Purtroppo temo che il seme della discordia gettato possa far saltare l’equilibrio territoriale conseguito con grande fatica e abnegazione”.

In che senso?

“Il documento di sfiducia nei miei confronti è stato sottoscritto dai consiglieri di 7 Comuni su 12: Apice (che guarda caso oggi esprime anche una candidata del Pd alle Regionali), Molinara, Foiano, Baselice, Castelfranco in Miscano, San Marco dei Cavoti e Montefalcone di Valfortore. Si sono tenuti fuori le rappresentanze di Comuni come San Bartolomeo in Galdo, dove ha sede la Comunità Montana del Fortore, Ginestra degli Schiavoni, Castelvetere Valfortore, San Giorgio La Molara e Buonalbergo. Questo vuol dire che si è voluta creare una lacerazione profonda tra comunità abituate da anni a camminare insieme. Ecco si è spezzata la catena della concordia territoriale e questo è il dato che mi ferisce di più. Per il resto io vado avanti per la mia strada, come sempre, da uomo libero, con coraggio e determinazione: il mio unico obiettivo è dare voce al mio territorio”.

Sulla vertenza forestali qual è la sua posizione?

“Le mie proposte alla Regione Campania, al riguardo, sono note da tempo: i forestali, soprattutto quelli a tempo determinato, vanno assorbiti nell’organigramma regionale, cioè devono diventare dipendenti della Regione oppure, per evitare il blocco degli stipendi, che è inaccettabile, vanno anticipati fondi propri, i lavoratori non possono aspettare i tempi dell’Unione Europea. Inizialmente, in solitudine, poi con il sostegno dell’Anpci, di cui sono componente, e dei sindacati ho portato avanti una battagli per la stabilizzazione dei forestali precari: presto con gli ulteriori pensionamenti avremo un’emergenza forestazione. Il settore rischia il collasso mentre i nostri boschi hanno bisogno di cura e di essere messi in sicurezza soprattutto d’estate”.

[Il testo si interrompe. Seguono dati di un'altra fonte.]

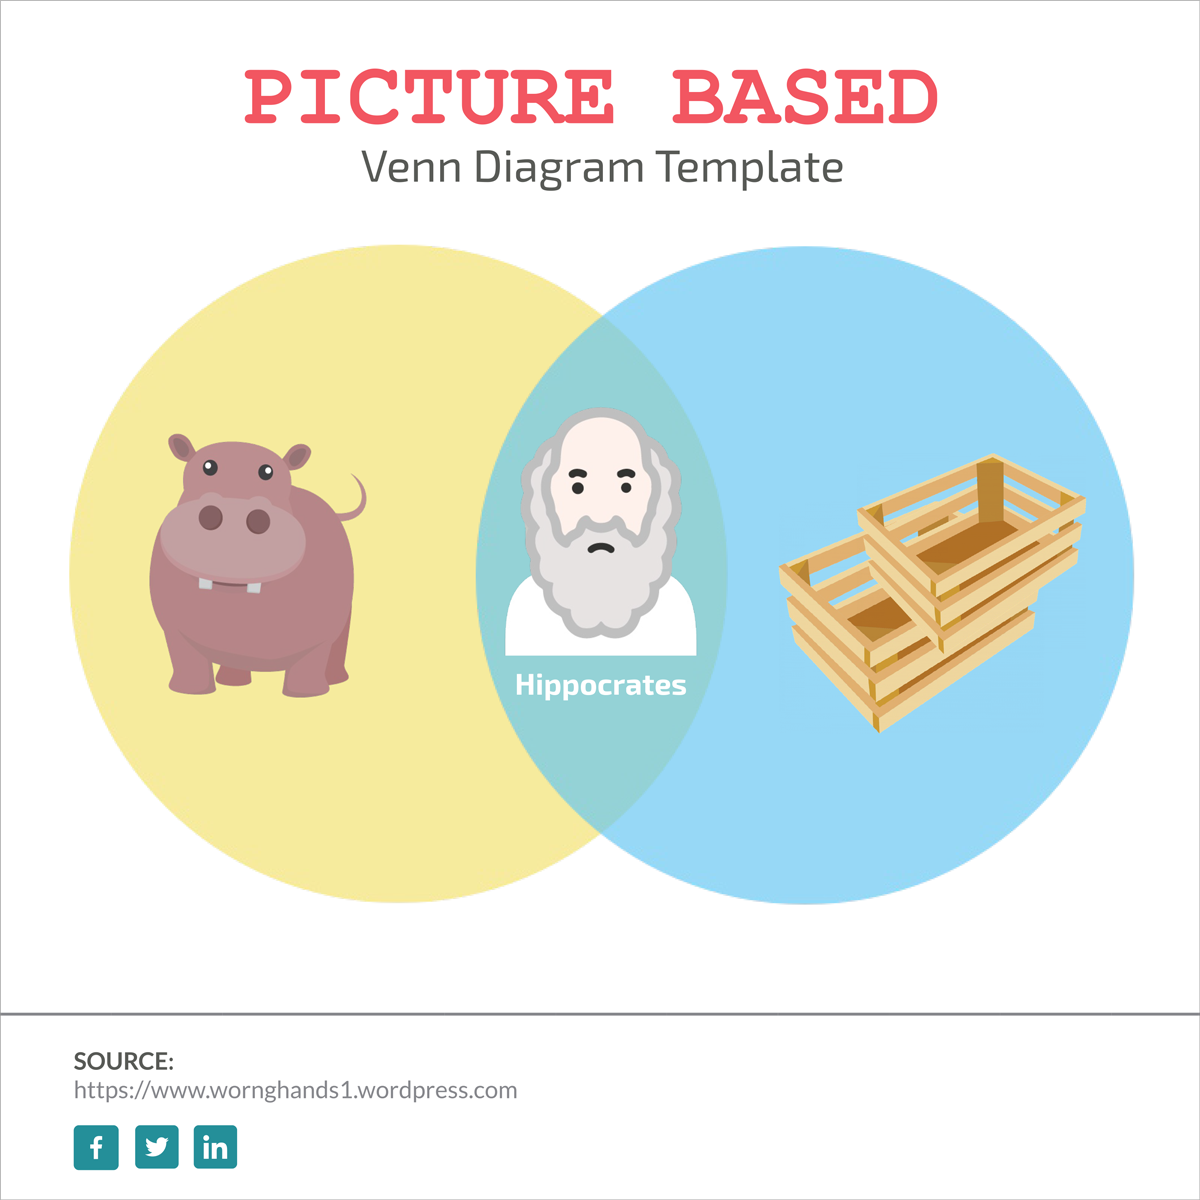 Picture-Based venn diagram template

Secondo lei il Sannio soffre di un deficit di rappresentanza in Regione?

“Assolutamente sì. Io stimo tantissimo il Governatore, frequento amministratori di tutta Italia grazie all’Anpci e le posso dire che ci invidiano Vincenzo De Luca. Ma senza un’adeguata rappresentanza territoriale in Regione il Sannio rischia di restare ai margini, come accaduto in questi ultimi 5 anni e prima ancora con Caldoro. Il consigliere regionale non può limitarsi a dare informative, a fare il portavoce, che è un ruolo che spetta a chi si occupa di comunicazione, ma deve dare impulsi, avanzare proposte e idee, disegnare il percorso e la strada, deve saper incidere nella procedura anche sbattendo i pugni sul tavolo quando è necessario. I sanniti hanno bisogno di un consigliere regionale che conti, non di un figurante  che alzi la mano in Aula o di un notaio che ratifichi decisioni altrui”.

Da amministratore lei conosce bene le emergenze di questa provincia. Qual è la priorità?

“In questa campagna elettorale, ancora una volta, circolano slogan vuoti, triti e ritriti buoni solo per i titoli dei giornali. Credo che sia il tempo di andare oltre i bla bla bla e il copia e incolla. Bisogna mettere le mani nella pancia di questo territorio e sforzarsi di proporre soluzioni, idee, proposte. Da anni mi batto, anche con i colleghi dell’Anpci, per una legislazione differenziata per le aree interne. Le faccio un esempio che può sembrare di scarsa rilevanza ma aiuta a capire: se un giovane deve aprire un bar a Baselice non può fare la trafila burocratica di uno che deve aprirlo nel centro di Roma, è evidente che parliamo di due mondi a parte. Riprodotto su scala questo ragionamento vale per ogni settore: i numeri o contano sempre o non contano mai. Ma questi obiettivi si possono conseguire solo con una politica forte che si riappropri della propria funzione. Non abbiamo bisogno di figuranti in Consiglio regionale, ma di persone forti, capaci e affidabili”.